Atom is a very narrow core as the diagram below will show:

 

There are no dedicated integer multiply or divide units, that's all shared with the FP hardware. Intel duplicated some resources (e.g. register files, queues) to enable Hyper Threading support, but stopped short of increasing execution hardware to drive up efficiency. The tradeoff seems to have worked because Intel is able to deliver performance better than a dual-core Cortex A9 from a single HT enabled core. Intel also lucks out because while Android is very well threaded, not all tasks will continually peg both cores in a dual-core A9 machine. At higher clock speeds (1.5GHz+) and with heavy multi-threaded workloads, it's possible that a dual-core Cortex A9 could outperform (or at least equal) Medfield but I don't believe that's a realistic scenario.
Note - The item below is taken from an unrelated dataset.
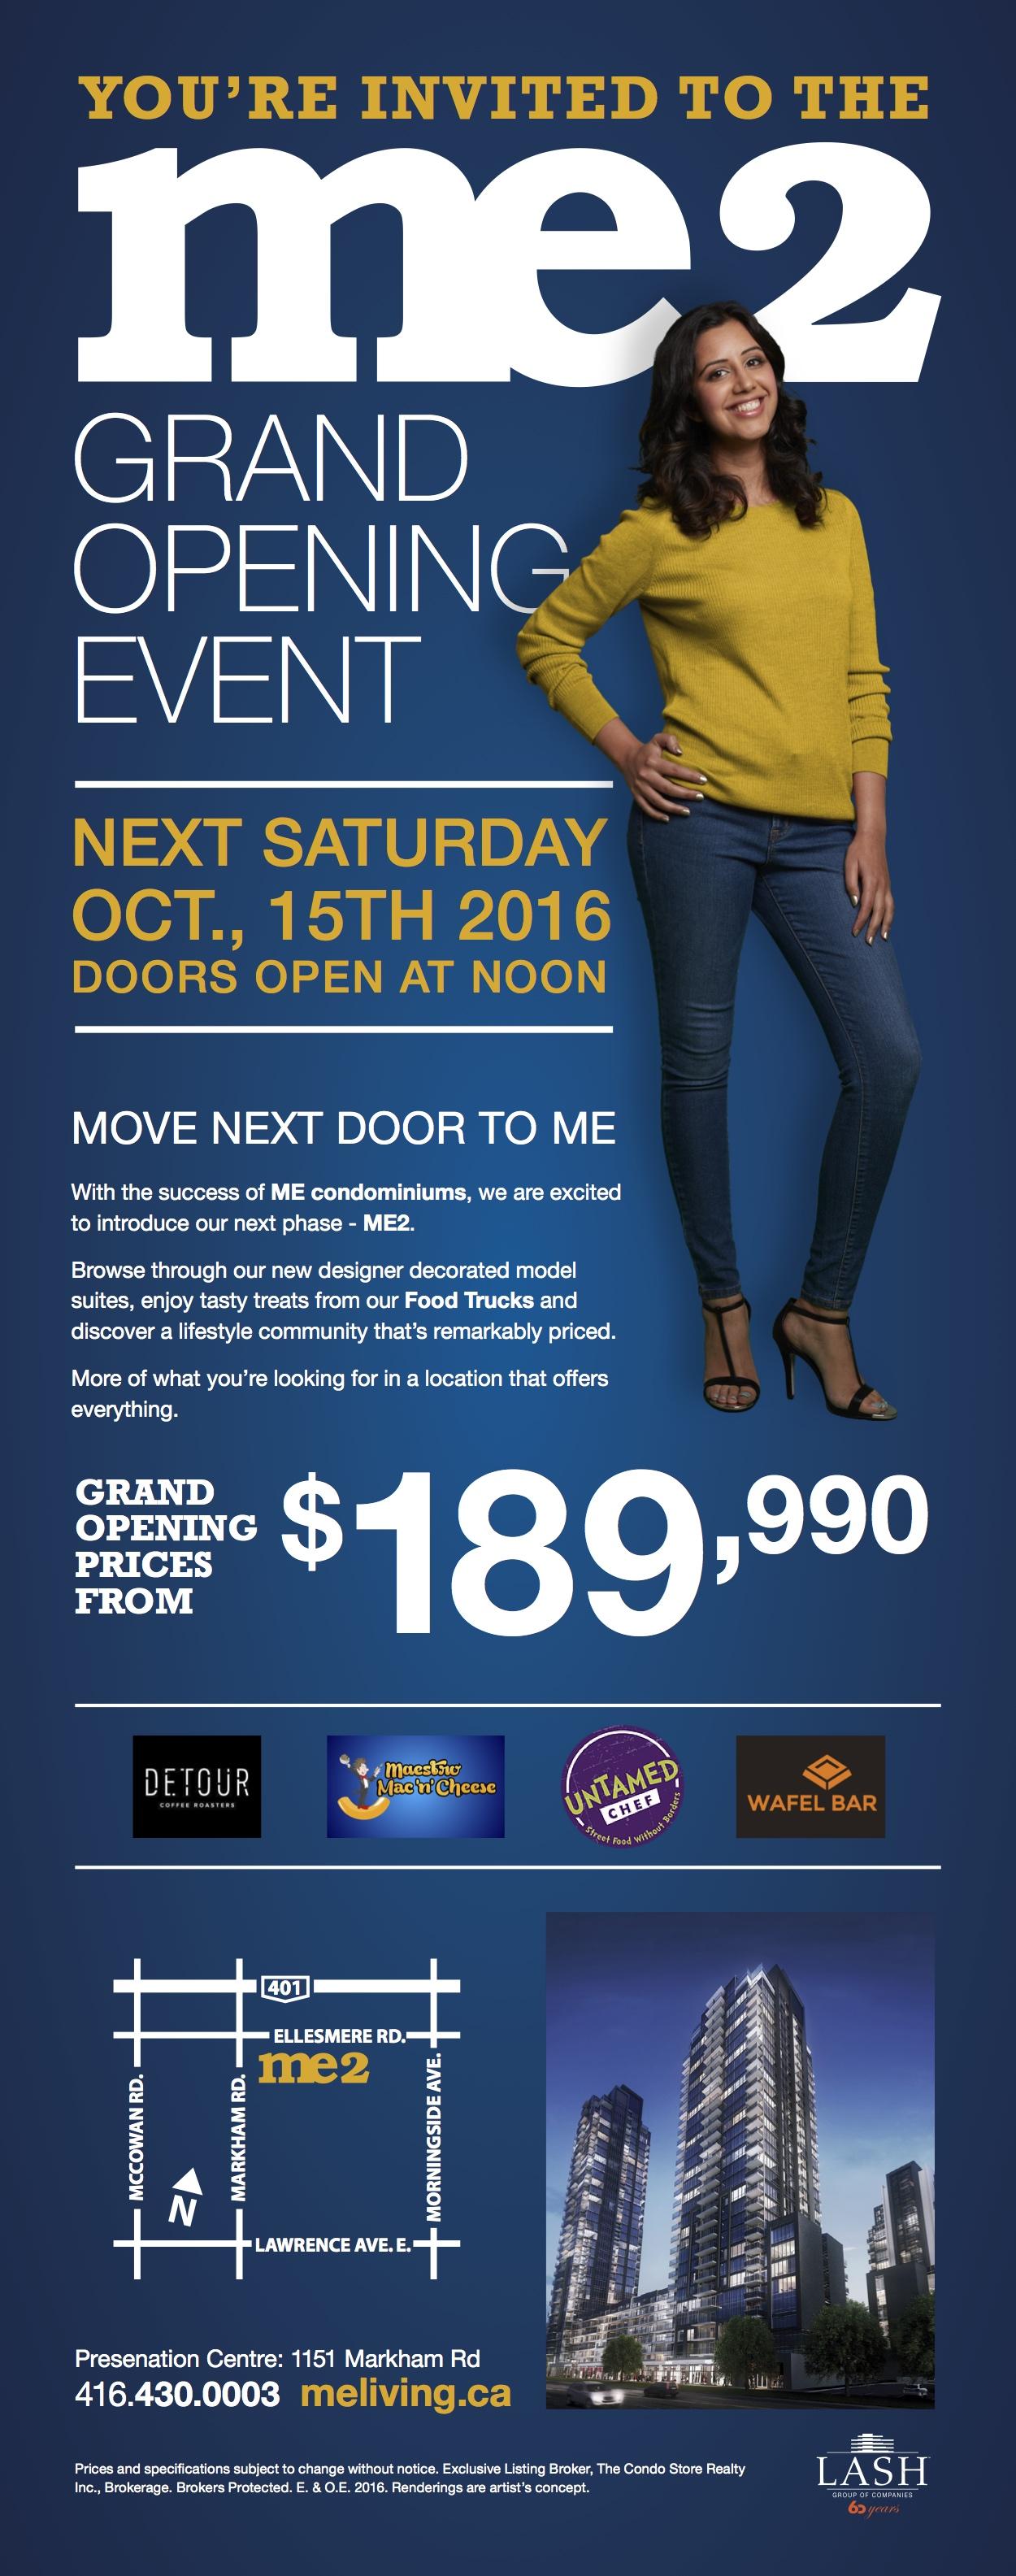 me2-living-condos-grand-opening-event-condo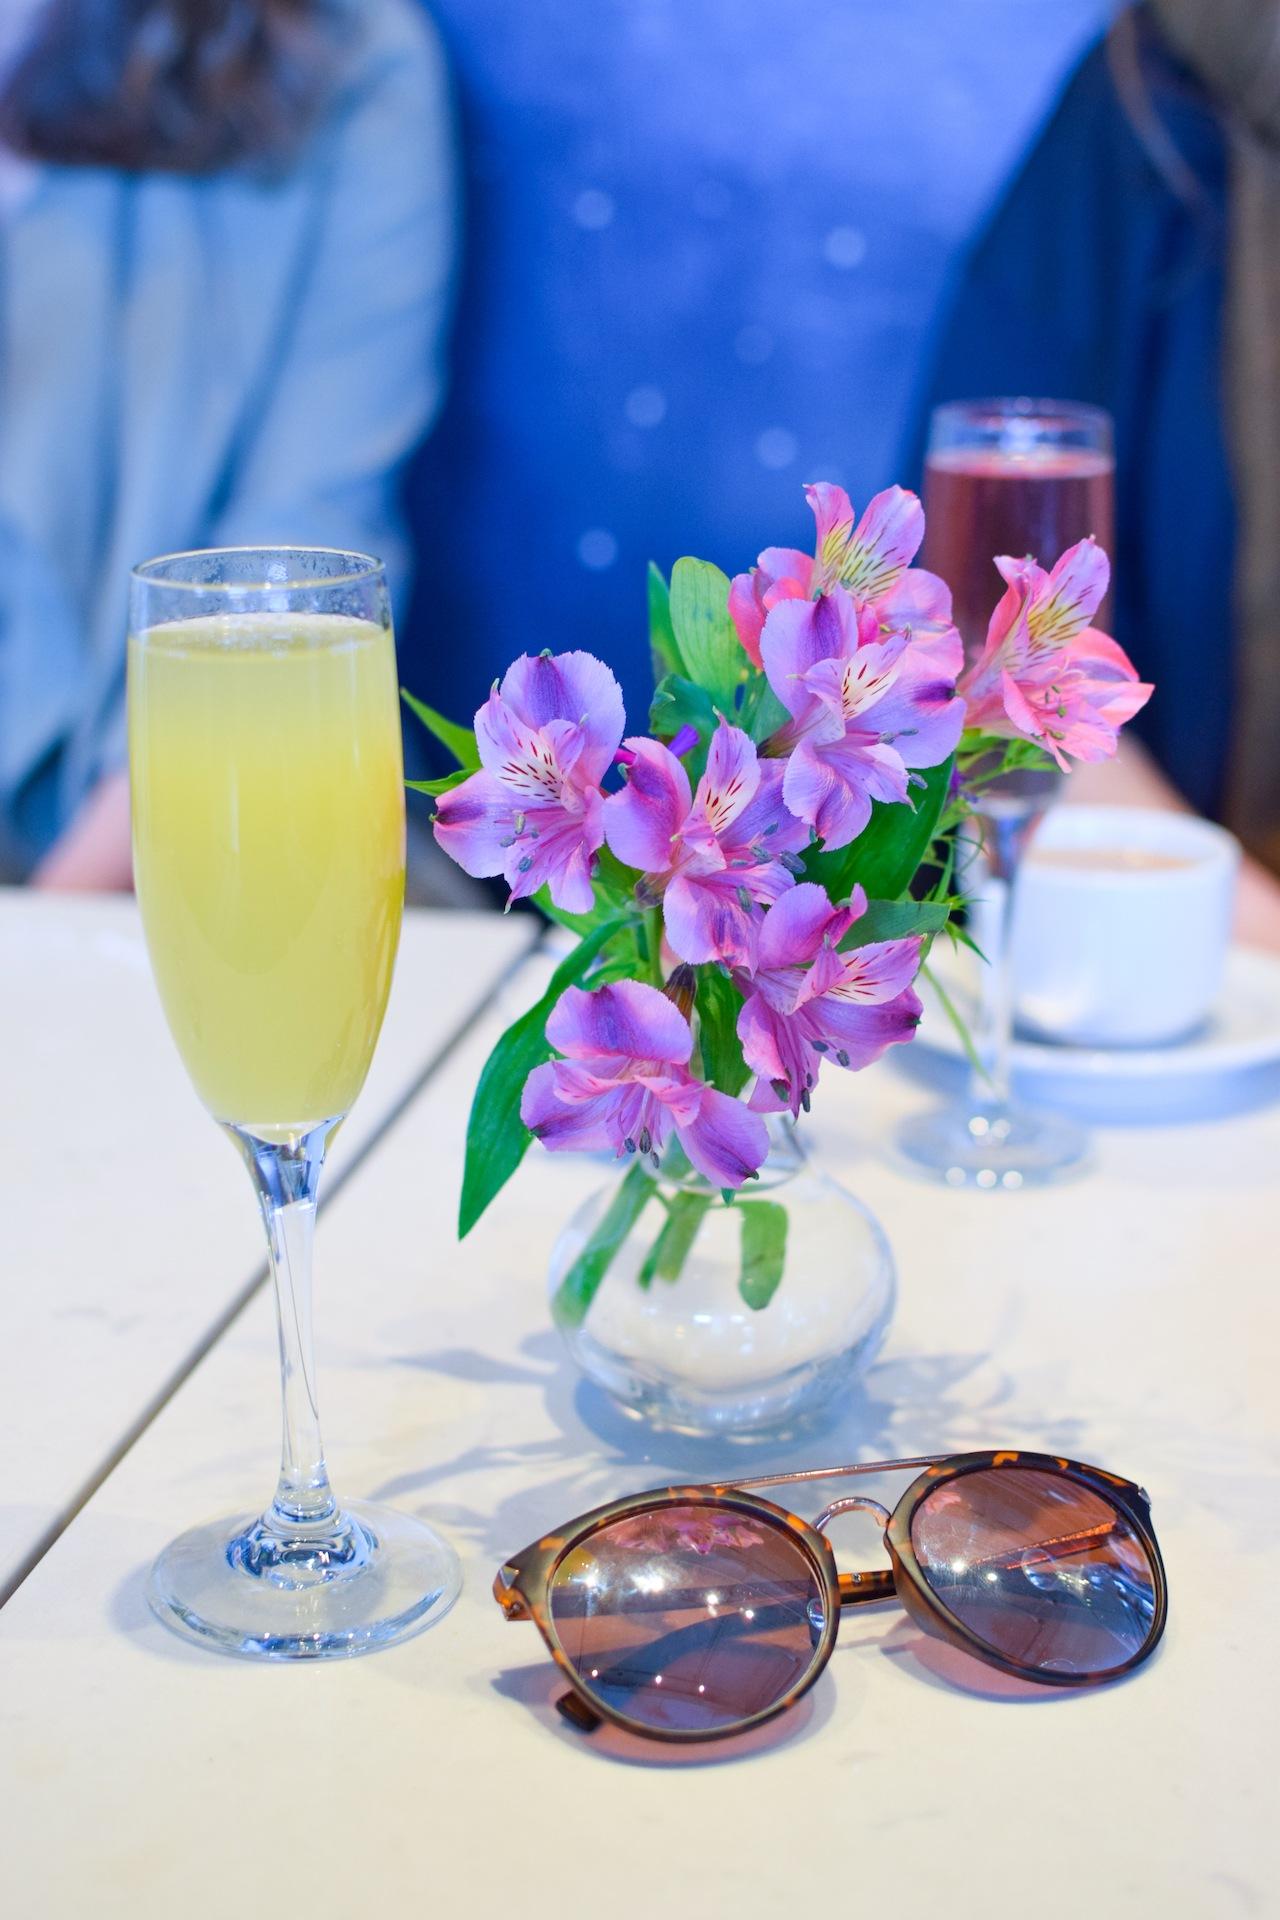 malmaison georgetown restaurant review

Architecturally the Cortex A9 doesn't look very different from Atom:

 

Here we see a dedicated integer multiply unit (shared with one of the ALU ports) but only a single port for FP/NEON. It's clear that the difference between Atom and the Cortex A9 isn't as obvious at the high level. Instead it's the lower level architectural decisions that gives Intel a performance advantage.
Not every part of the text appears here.